I was thinking of nightmare scenarios for end users and came up with this one.
A user has forgotten their password, the computer is still FV encrypted, and the device is off-site. What, if anything can we do to assist them getting access to the device?
Thanks in advance, -Pat
The Filevault key should be assigned to the user machine in Jamf. If they enter their password in wrong too many times on the login box they should be prompted with a message to reset their password using the Filevault recovery key. They'll need to enter in their filevault recovery key which you can ping over and that should allow them to change there local password and enter into the machine.
Filevault password won't update automatically when it's changed via AD. You can try to walk them through remote stuff with the recovery key, but in the situations i've been in with that I've ended up telling the user "if you can't remember which password gets you into the computer I need to ship you a new computer" and all but one time they've figured out that password. That time I provisioned them a new laptop and shipped it to them, they shipped theirs back to me I grabbed the files they needed worked with them to transfer them back to their new computer.
@strayer That is similar to this one case we had recently. Basically the user had to change their password because of password expiration rules. They did so in the Okta portal, but that doesn't autoupdate the password to login to their Mac. Now the user has restarted their device and cannot remember the old password.
If I understand correctly, I could have the user "reset the password" at the FileVault login screen, give them the FV key from Jamf server. Will that get them into their account? The only thing I can think of from that point is to have the device connected to the internet (wired) and use Jamf to push out a new user account or force a password change to their local account. Thoughts?
Because Active Directory is used via a network, and Filevault is used via a cache I think that it shouldn't matter if the user is remote because they are changing the cache password on there machine. Once there back in the office in the network vicinity thats when it might give issues and may need to change it via Active Directory, this is what I think but I've seen before.

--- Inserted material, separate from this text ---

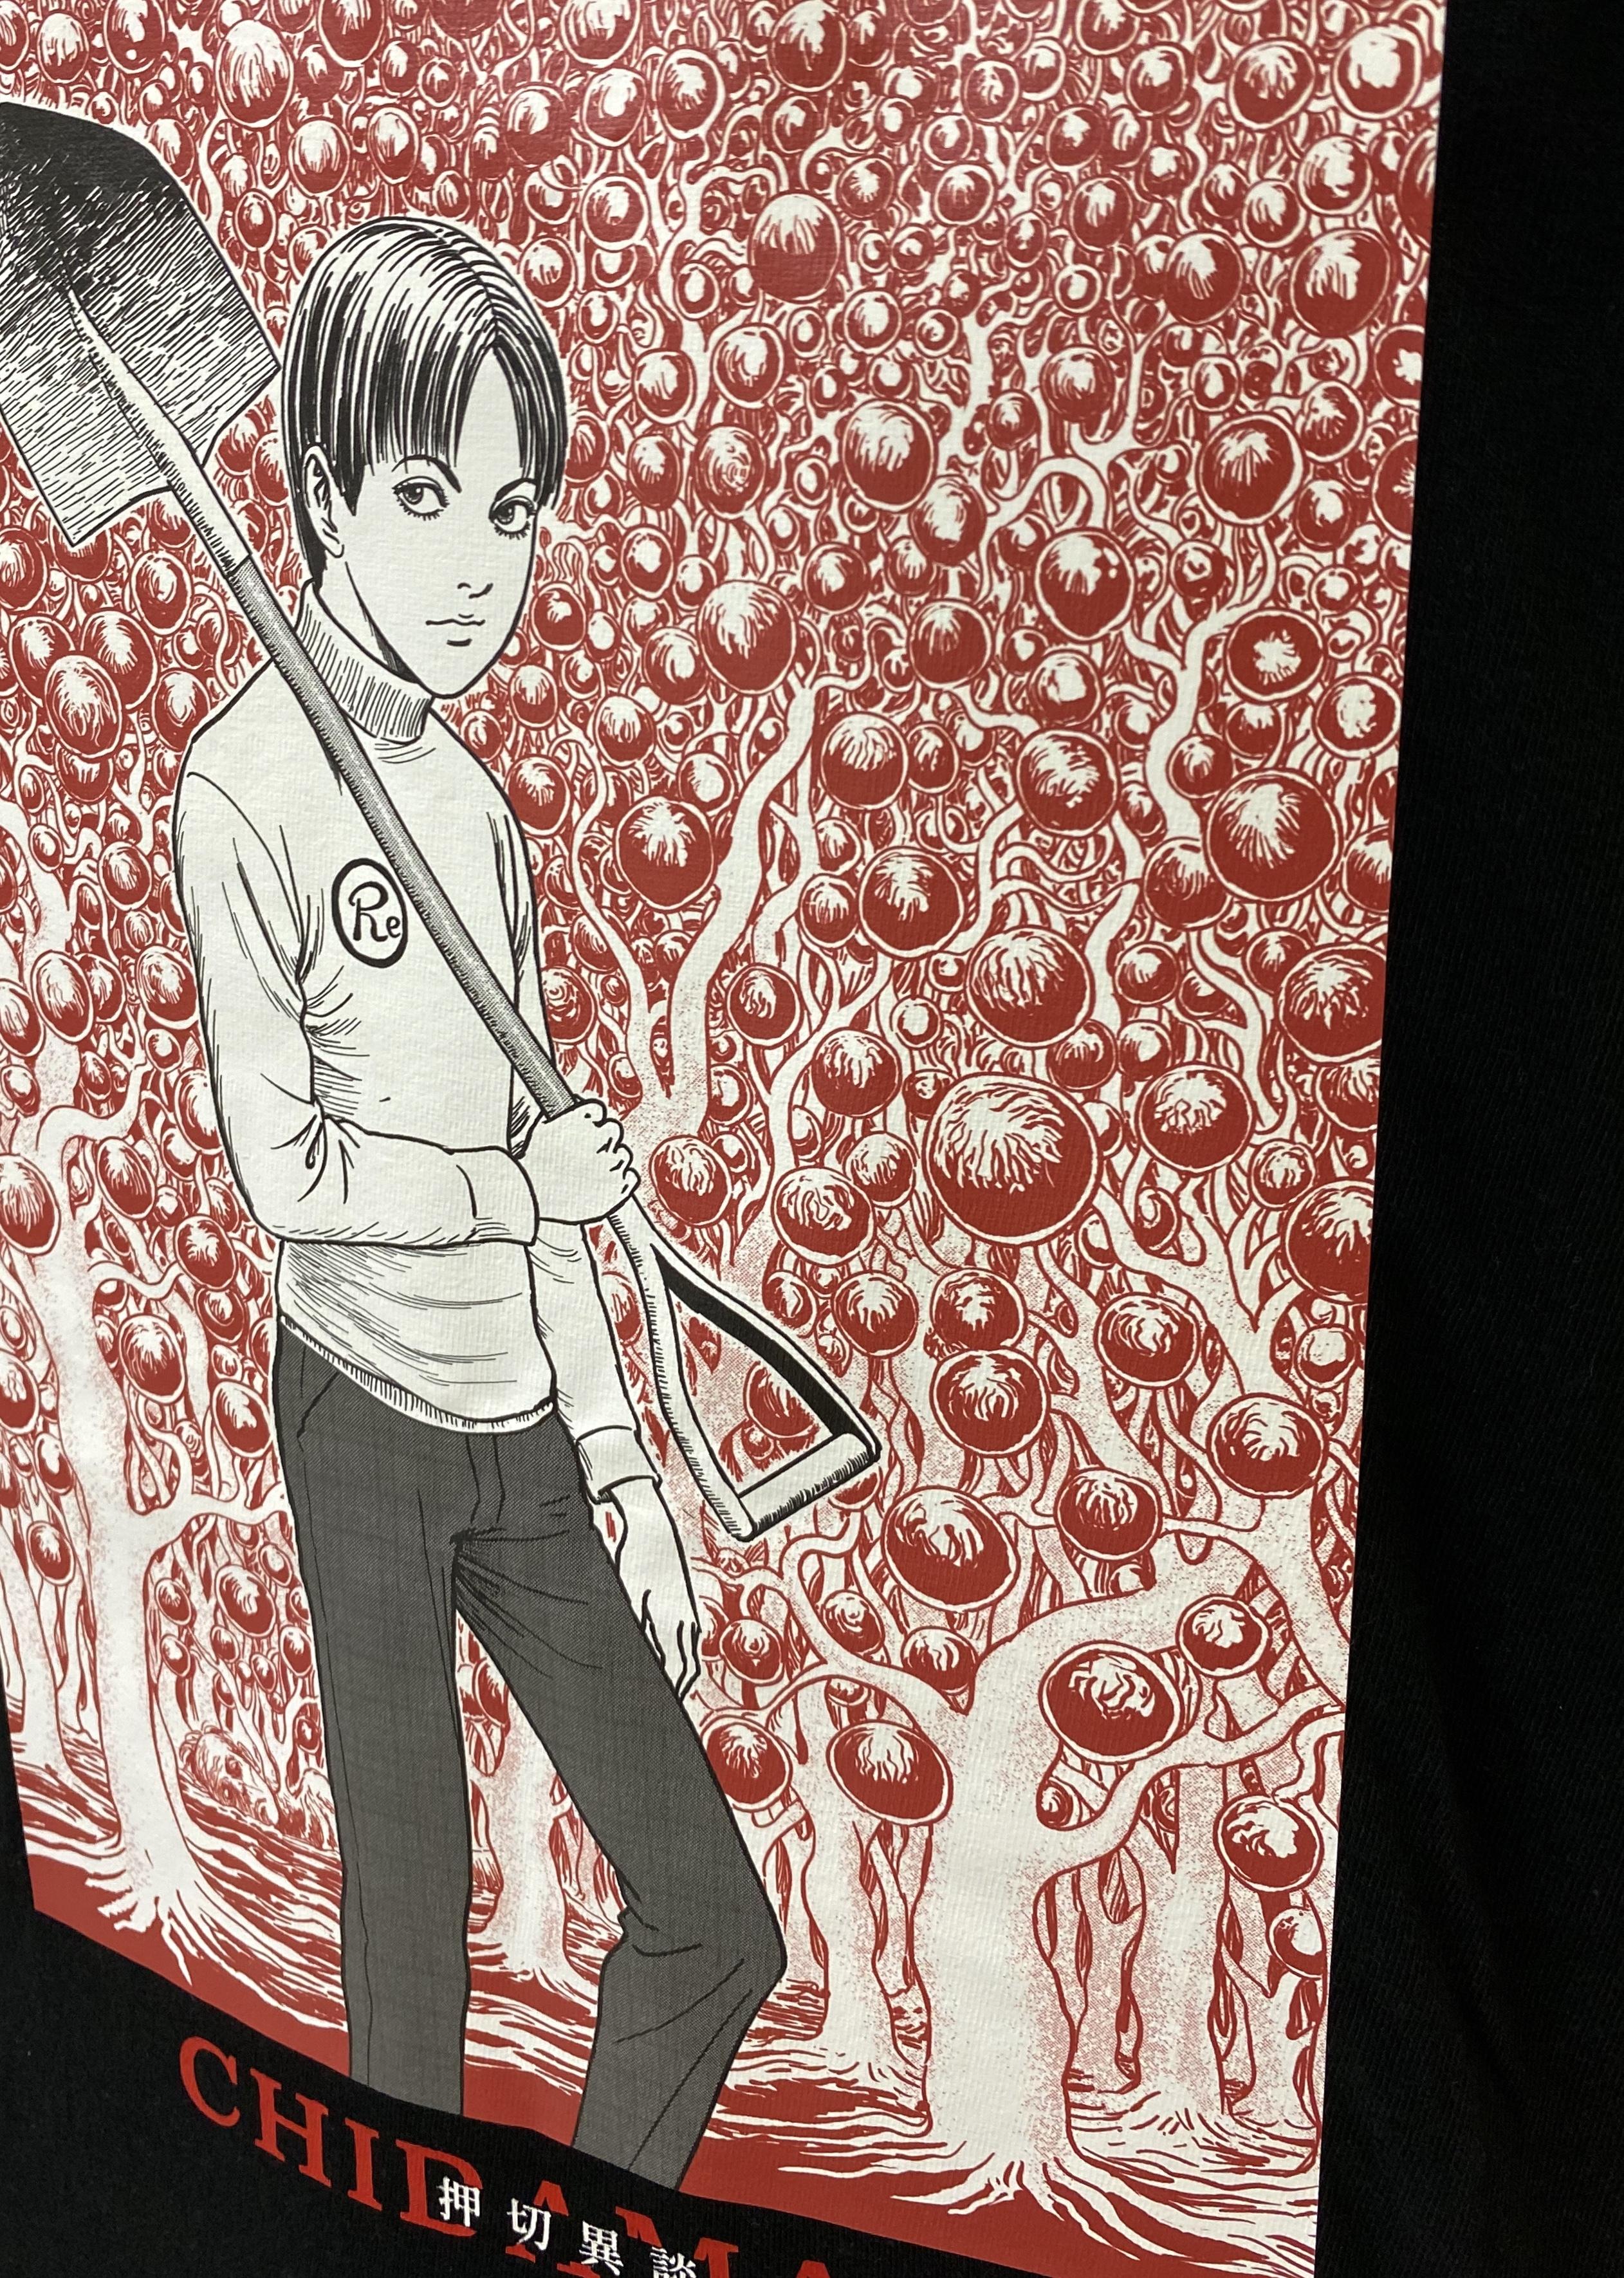 【伊藤 潤二描き下ろし】血玉樹園-押切異談- Tシャツ

@ferrispd @strayer i have been trying to work out the same scenario, where the user is on road/travelling and forgot their password to log in to the mac. how i would get them into mac?. i am performing the test myself- i have a mac book pro, Catalina 15.2.3 OS, AD pound and FV encrypted. we used jamf pro for build/imaging, i used the FV key to get in to the password reset assistant by putting in the FV key and then clicking on forgot password- and i get the list of profiles to reset password for , i choose my profile(AD account/mobile) , try to create a new password but i get the : Error: authentication server could not be contacted. i tried this with LAN cable and mobile hotspot./guest- network and i still get the same error. please see screenshots below.
any thoughts on how to solve this error?